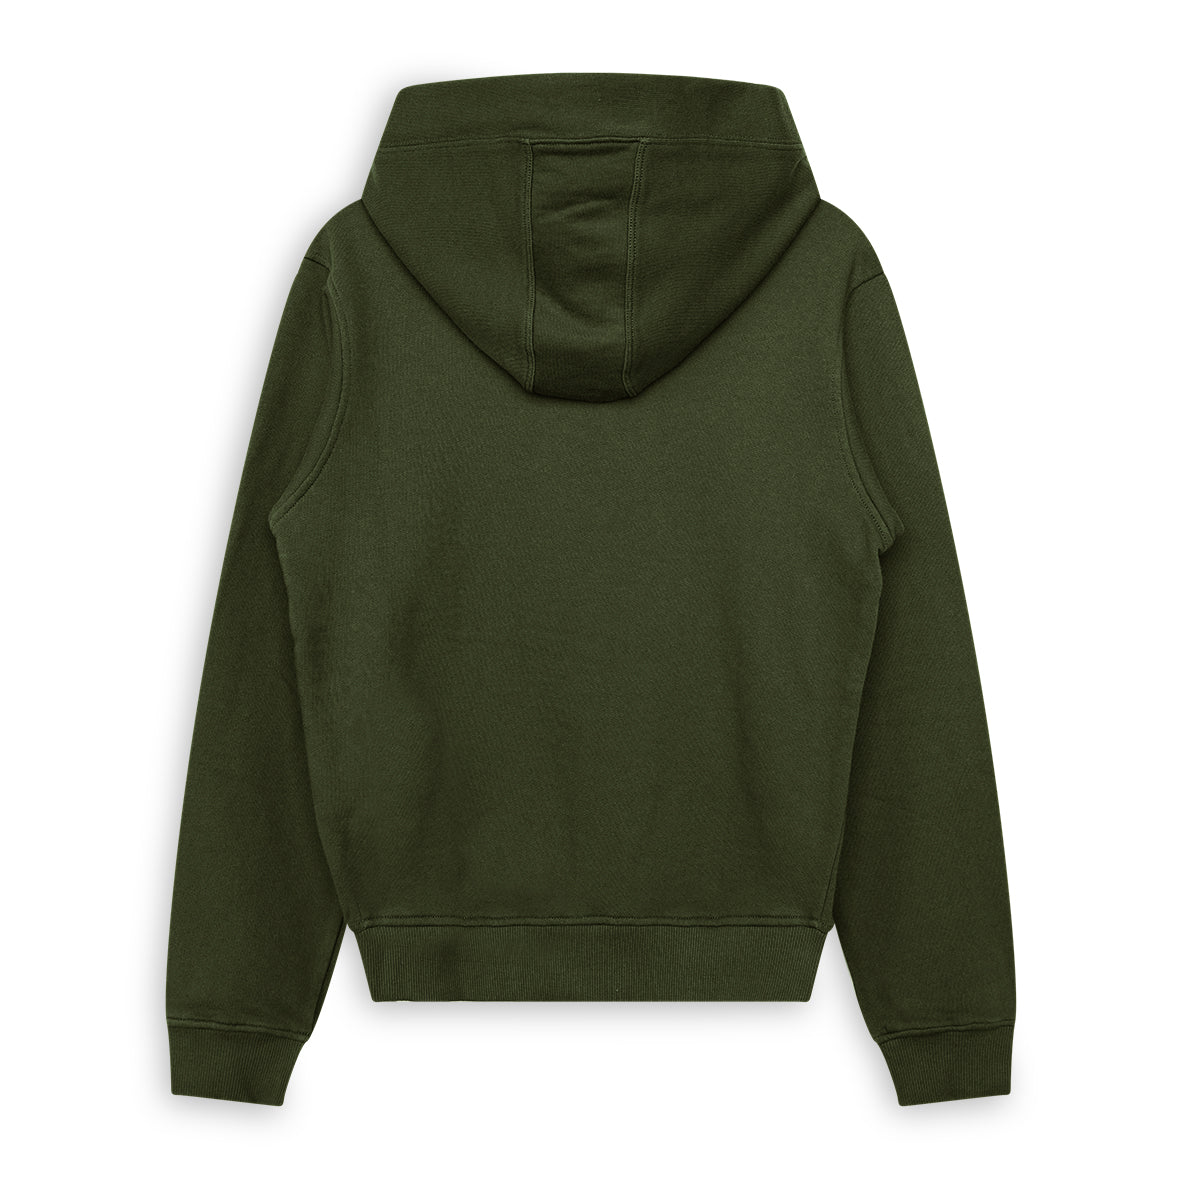 Jongens Hooded sweater van SevenOneSeven in de kleur Khaki Green in maat 170-176.
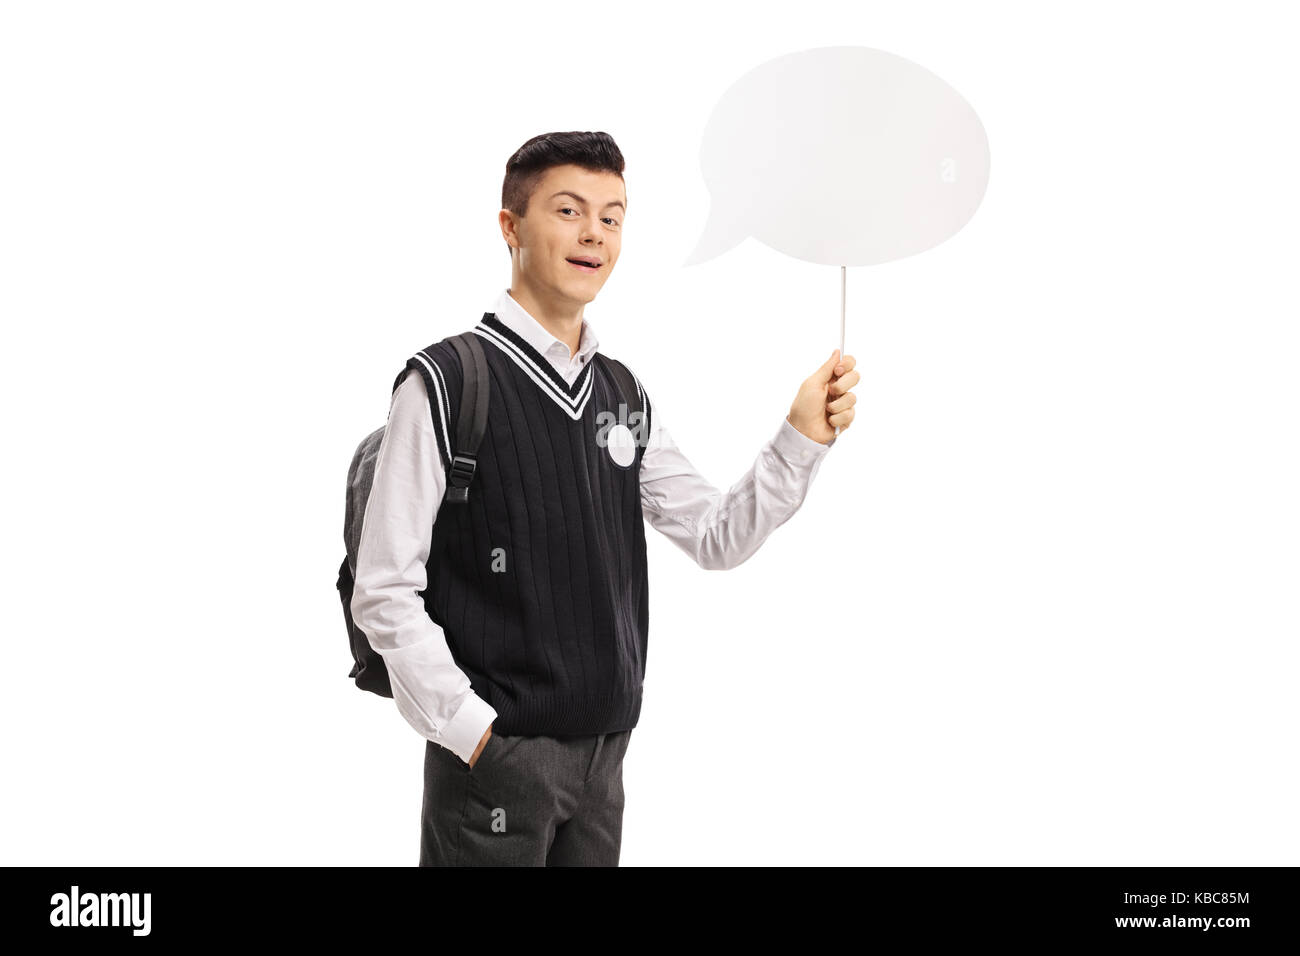 Teenage student dans un uniforme tenant une bulle chat isolé sur fond blanc Banque D'Images
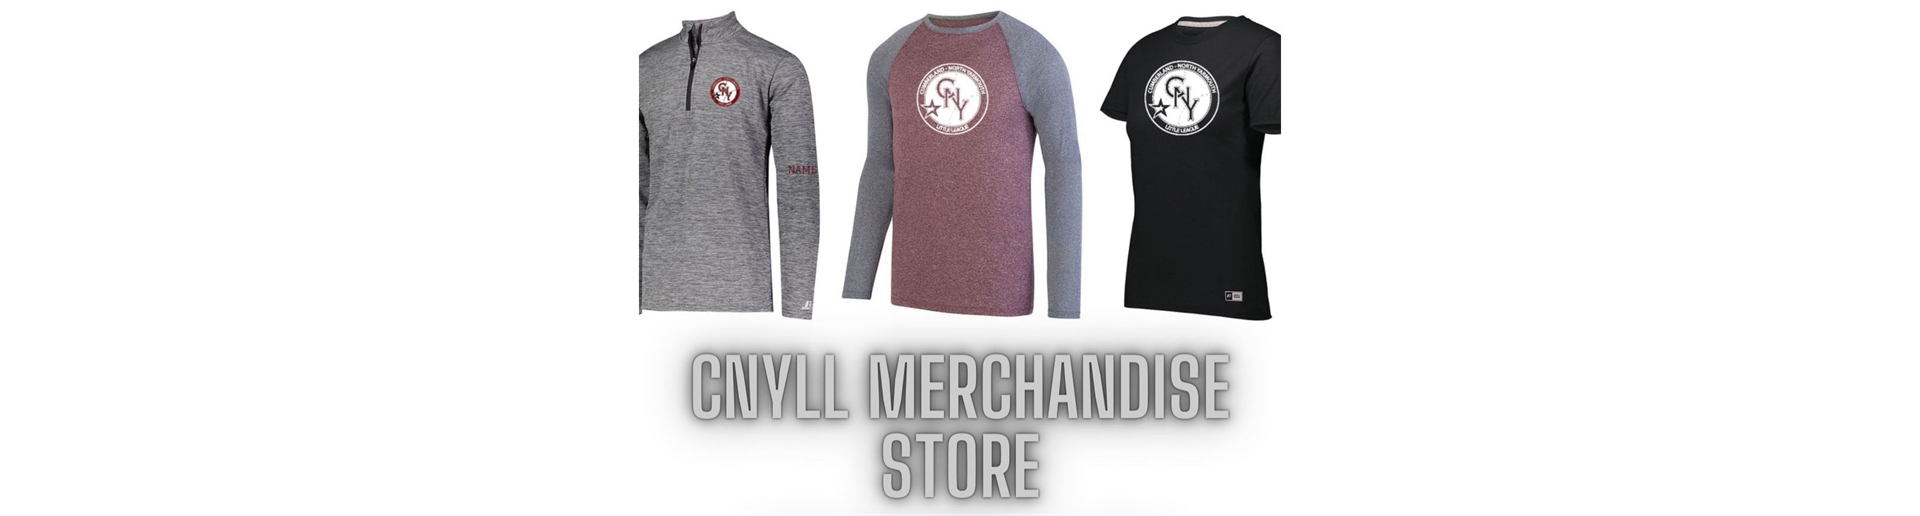 New CNYLL Merchandise Store
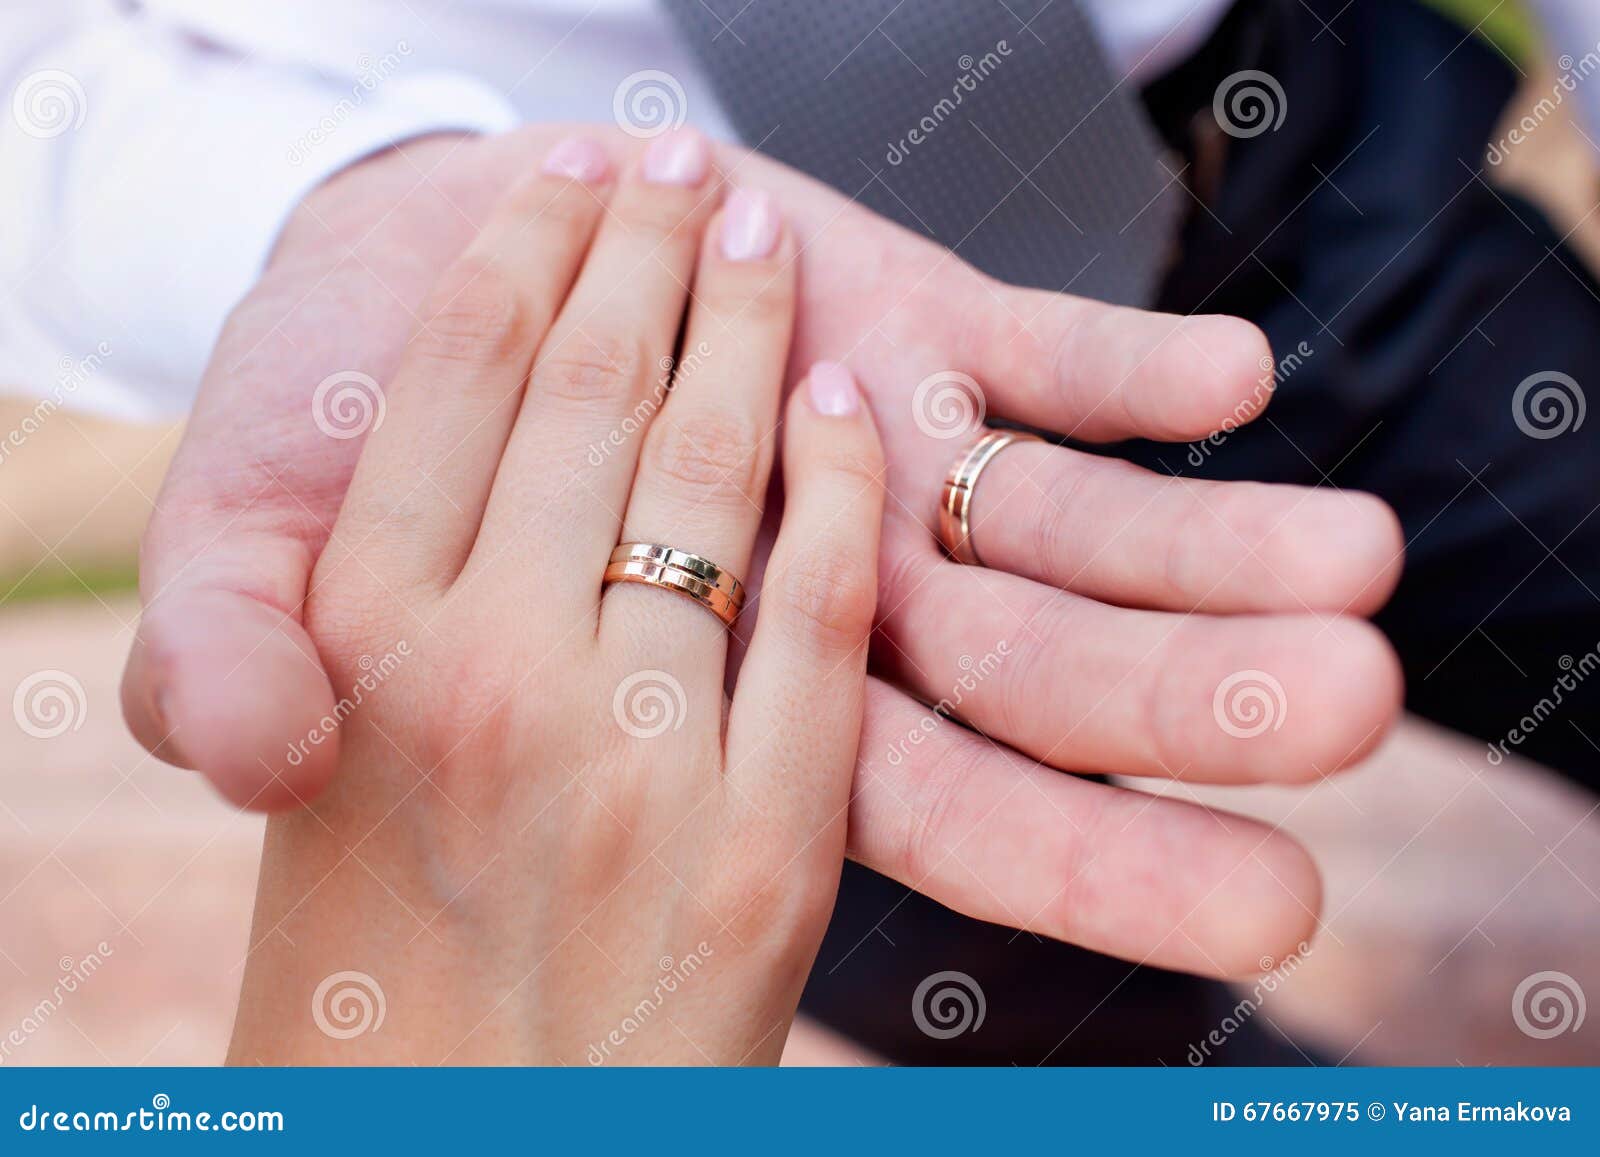 Мужа пальцем домашнее. Две руки с кольцами. Рука в руке с обручальными кольцами. Обручальные кольца на руках. Две руки с обручальными кольцами.
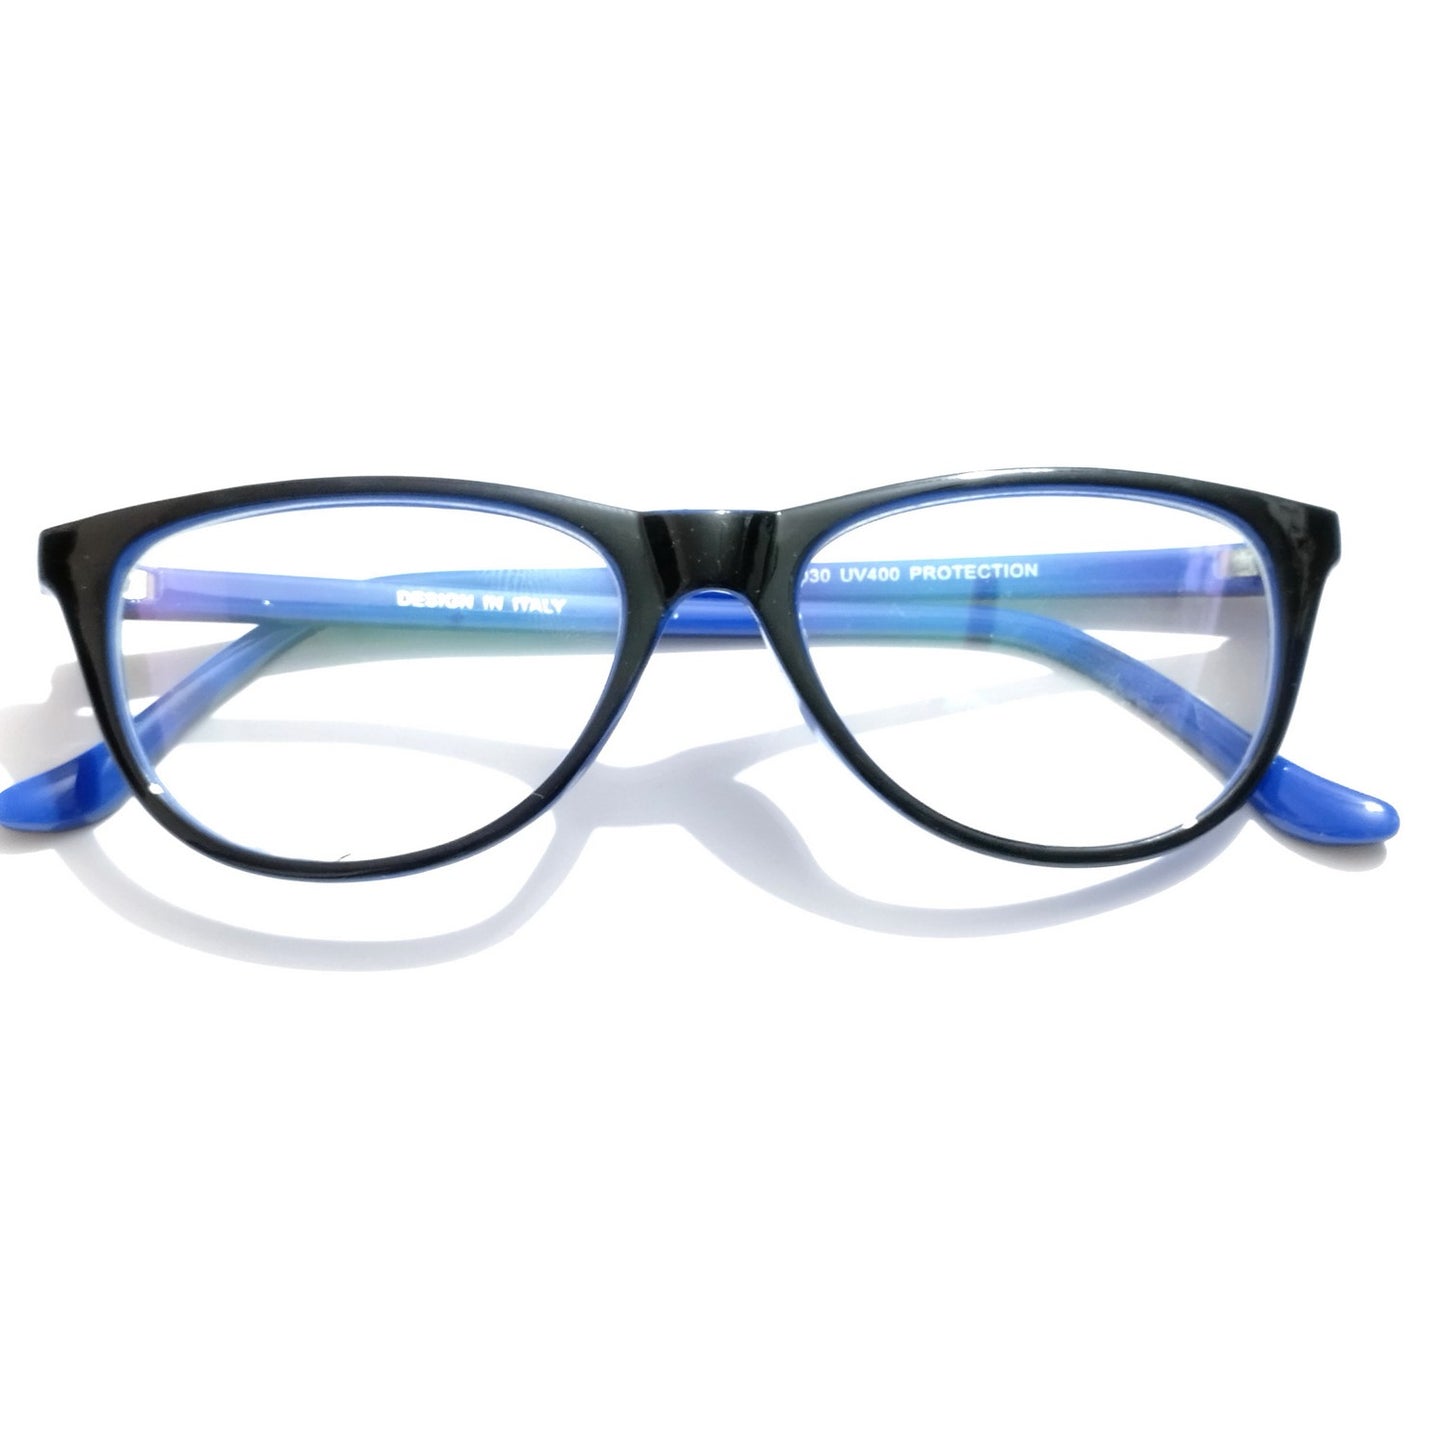 Black Front Blue Side Cat Eye Glasses for Women
····················
Activity:
Pictures stay out; the entries above are to be output exactly as given.

Written answer:
 Jongens Hooded sweater van SevenOneSeven in de kleur Khaki Green in maat 170-176.
 Teenage student dans un uniforme tenant une bulle chat isolé sur fond blanc Banque D'Images
 New CNYLL Merchandise Store
 Мужа пальцем домашнее. Две руки с кольцами. Рука в руке с обручальными кольцами. Обручальные кольца на руках. Две руки с обручальными кольцами.
 Black Front Blue Side Cat Eye Glasses for Women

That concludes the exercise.